GM Financial and SAIC announce leasing JV in China with a registered capital of $146 mln
Nov. 7 (NBD)-- Many automakers have been digging up ways to boost sales to fight against the downward wave in the auto market.
Late last month, GM Financial ("GMF"), a subsidiary of General Motors, and SAIC announced the establishment of SAIC-GMF Leasing Co., Ltd ("SAIC-GMF"), in a move to capitalize on downstream growth opportunities in automotive financing services in China while providing better, safer and more sustainable mobility solutions to customers.
The registered capital of SAIC-GMF is 1 billion yuan (145.6 million U.S. dollars).
The Shanghai-based joint venture will offer customers in China financial leasing services using vehicles including Buick, Cadillac and Chevrolet models produced by SAIC-GM, with a focus on new energy vehicles.
Financing and leasing are two ways of getting a car on a monthly payment plan. The main difference is that with leasing, a customer doesn't own the car but pays a monthly fee to a leasing company or an automobile dealer for the privilege of driving the car. Customers have the option to either purchase the car or return the car to the lessor when the lease term is up.
With financing, a customer takes out a loan in order to purchase the car and make payments to the financial institution that provides the loan, along with interest. Compared with financing, a lease is more flexible.

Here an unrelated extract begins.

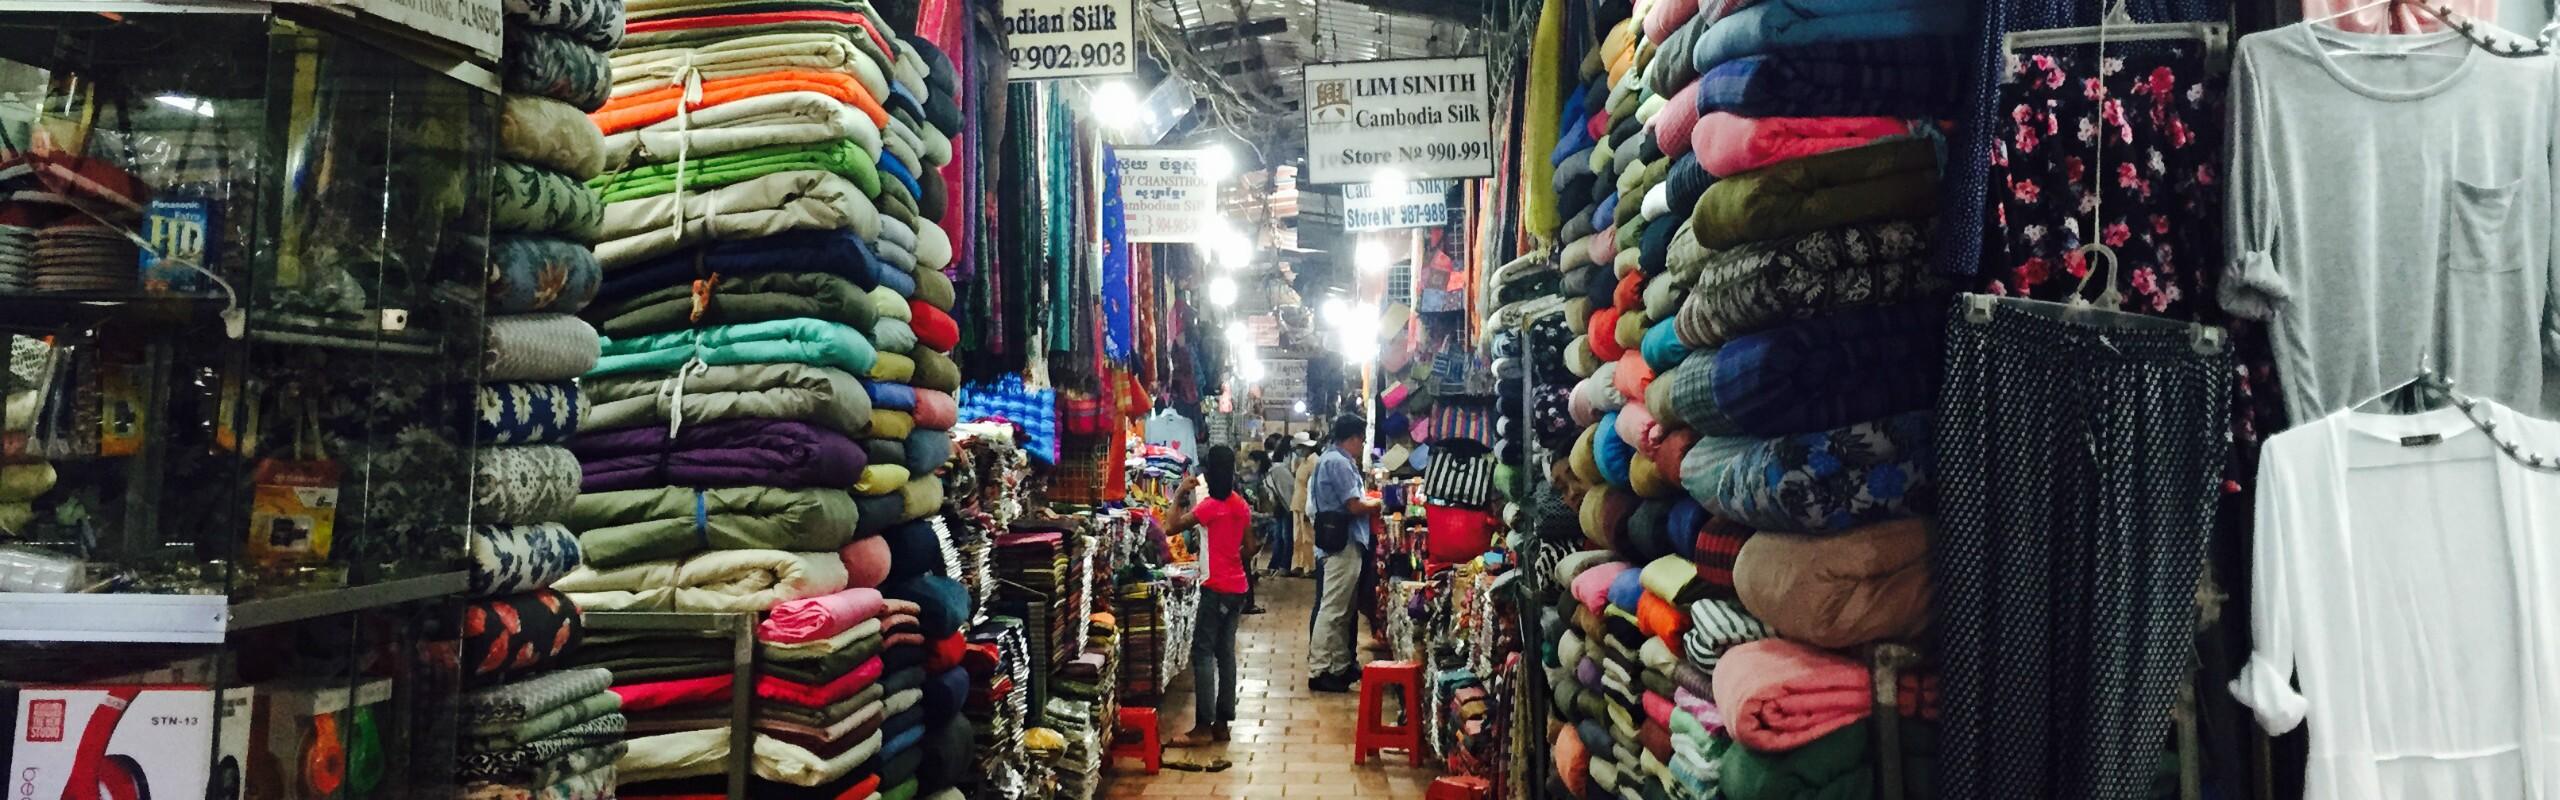 Shopping in Phnom Penh

In the U.S. where the automobile market is comparatively mature, the penetration rate of vehicle financing reaches 80 percent, whereas the metric of leasing stands at 25-35 percent.
In comparison, although China boasts the world's No. 1 auto market, yet the penetration rates of vehicle financing and leasing are comparatively low, touching 25 percent and 2.5 percent, respectively. With reference to foreign mature markets, auto financing and leasing will enjoy plenty of room for development in the country.

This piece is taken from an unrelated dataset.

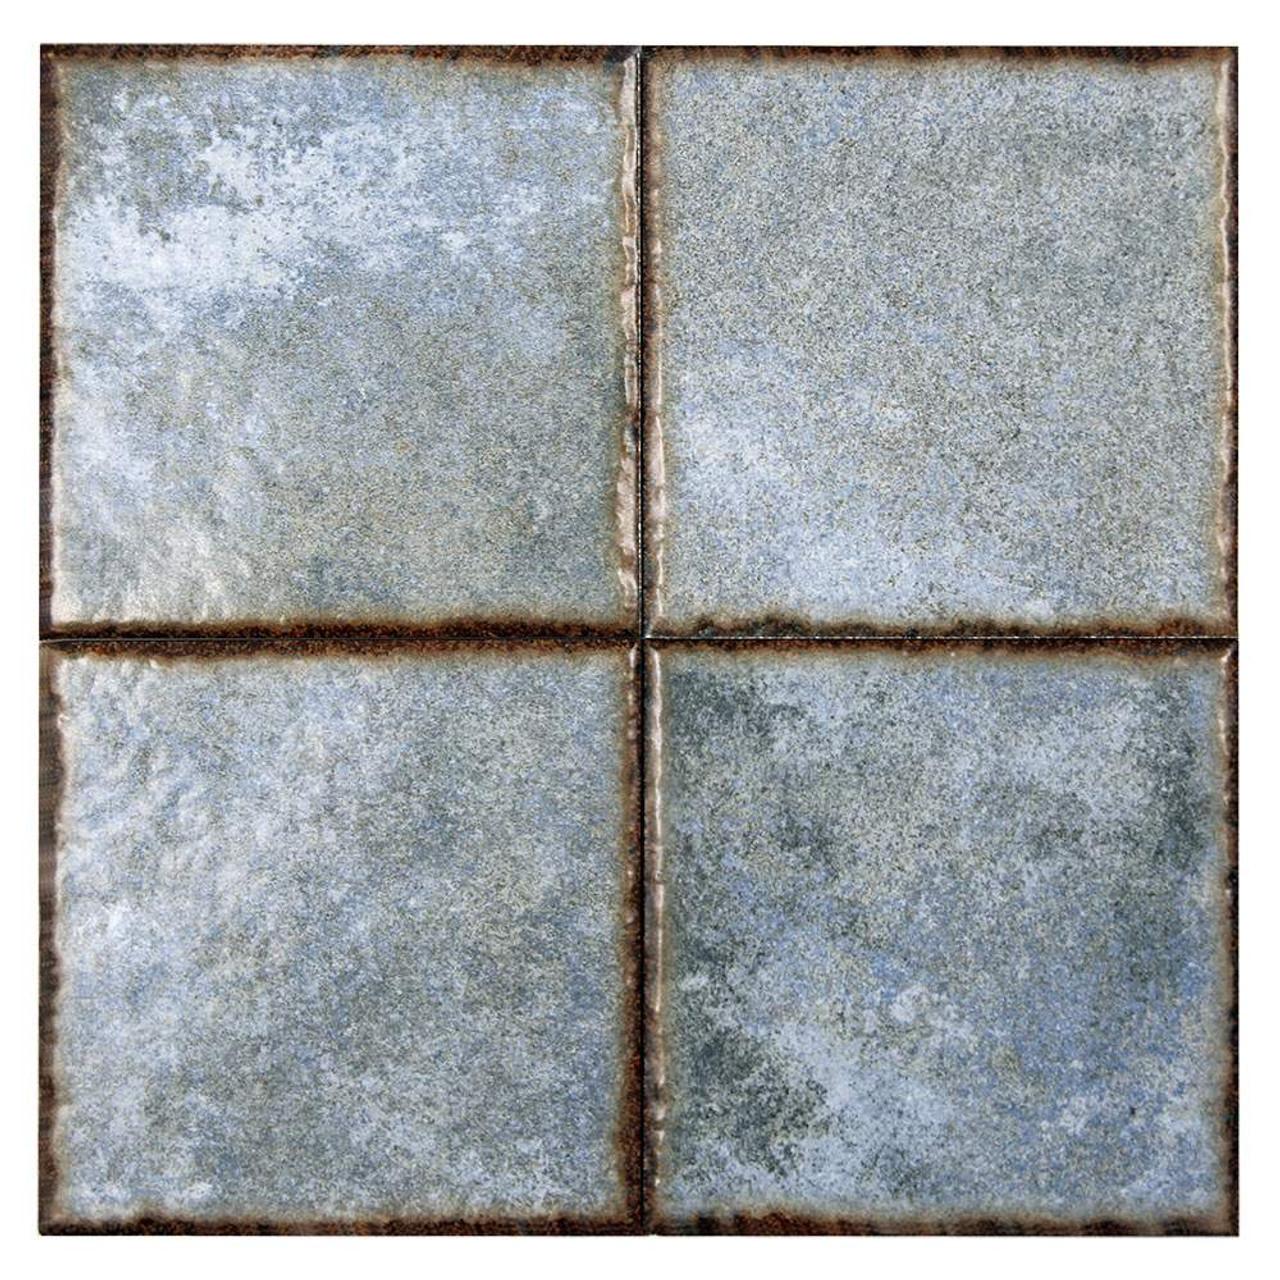 Benisa Blue Porcelain 6x6 Pool Grade Tile

Li Qun, general manager with SAIC-GMF, said to Yicai that many mainstream carmakers in China such as Mercedes-Benz, VW and BMW set up their own car-leasing companies several years ago.
An employee of the vehicle-leasing businesses who is using an assumed name Xiaobai noted that the auto leasing sector didn't develop very fast in the past. On the one hand, as automobile manufacturers had the bull run over the past several years, they didn't put much effort into the car-leasing businesses which can boost sales yet require meticulous operations and high investment, Xiaobai analyzed.
On the other hand, as Xiaobai explained, Internet companies which made inroads into the leasing domain through used-car platforms have advantages in capital and online traffic but lack a closed loop along the industrial chain. For instance, those Internet players can hardly get the best-selling models, and even if they do, they'd bear a comparatively high cost. Besides, when the lease term expires, those enterprises have to deal with matters including valuation and circulation of second-hand cars.
However, as the auto market hits cold water, carmakers are resorting to the car-leasing sector to promote sales, hence faster progress in this field.
Li Qun told Yicai that one important short-term goal of SAIC-GMF is to increase sales of new energy vehicles and traditional fuel-powered vehicles of SAIC-GM. According to Li, SAIC-GMF plans to sell 11,000 vehicles and set up 30 branch offices across China in the year of 2019.
Xiaobai held that carmakers have advantages in car leasing in terms of car source and purchasing price, and the leasing business can promote the used-car business of the carmakers.
Li regarded the management of a used car's residual value as the core competitiveness of the car-leasing business, and hoped to explore further in this respect.